Data released last Thursday by Freddie Mac showed that average fixed mortgage rates changed little for the week, despite the ongoing debate over the debt ceiling and a number of economic data releases.
“Of the few releases, the private sector added an estimated 166,000 jobs in September, which were fewer than the market consensus and followed a downward revision of 17,000 workers in August, according to the ADP Research Institute,” Freddie Mac Chief Economist Frank Nothaft said. “The Institute for Supply Management reported a greater slowing in growth in the nonmanufacturing industry in September than the market consensus forecast.”

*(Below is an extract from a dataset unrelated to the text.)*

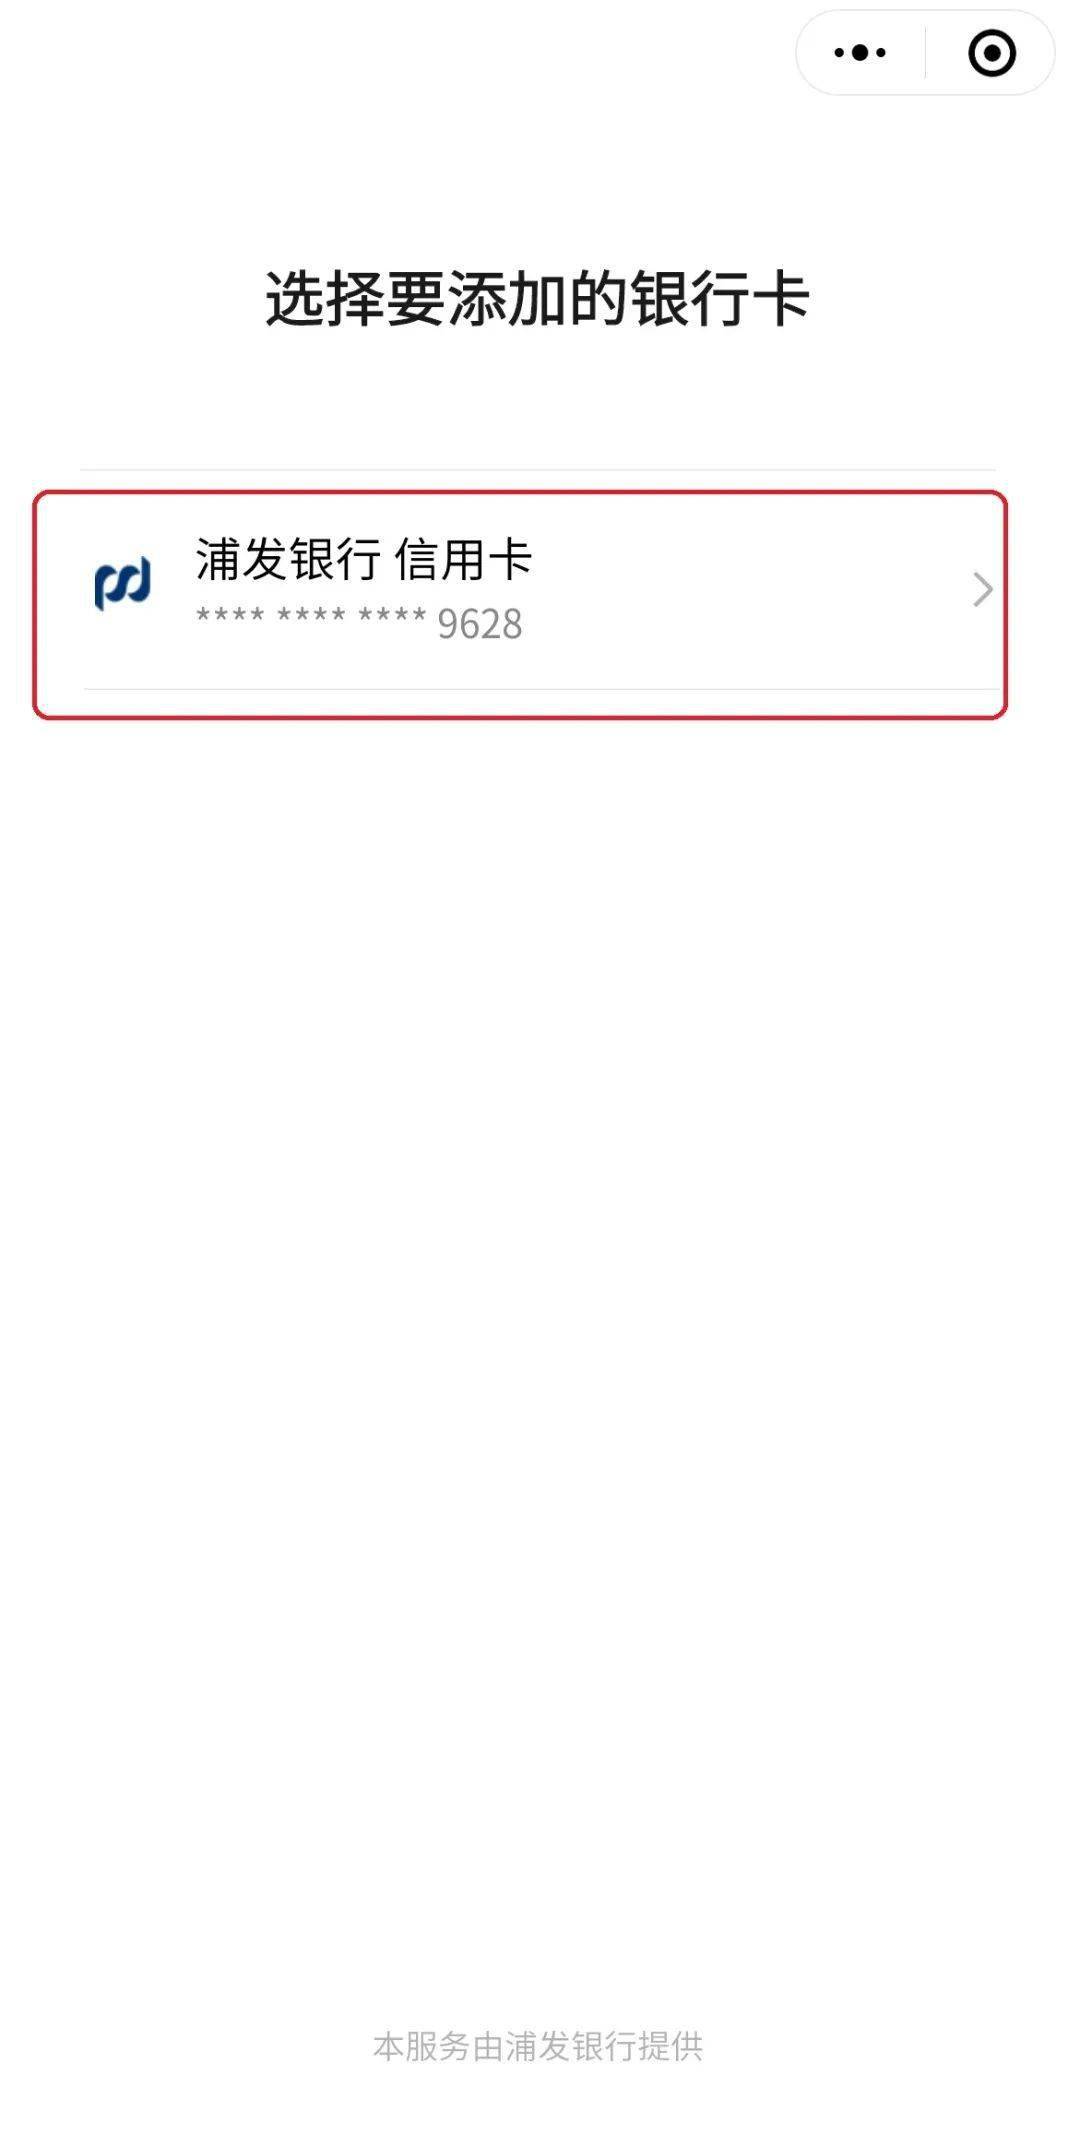 新功能浦发银行支持微信支付免输卡号绑定功能

The 30-year FRM averaged 4.23 percent, an increase from 4.22 percent last week and 3.39 percent last year. The 15-year FRM averaged 3.31 percent, up from last week’s 3.29 percent and 2.7 percent last year. Both are at their lowest rate averages since last July, according to the Las Vegas Sun.
The five-year adjustable-rate mortgage averaged 3.05 percent, compared to 3.03 percent last week and 2.73 percent last year. The one-year ARM averaged 2.64 percent, up from 2.63 percent last week and 2.59 percent last year.
Mortgage rates began their descent last month after the Federal Reserve opted to maintain its bond-purchasing program at $85 billion per month as part of an effort to keep long-term interest rates low, Las Vegas Sun reports.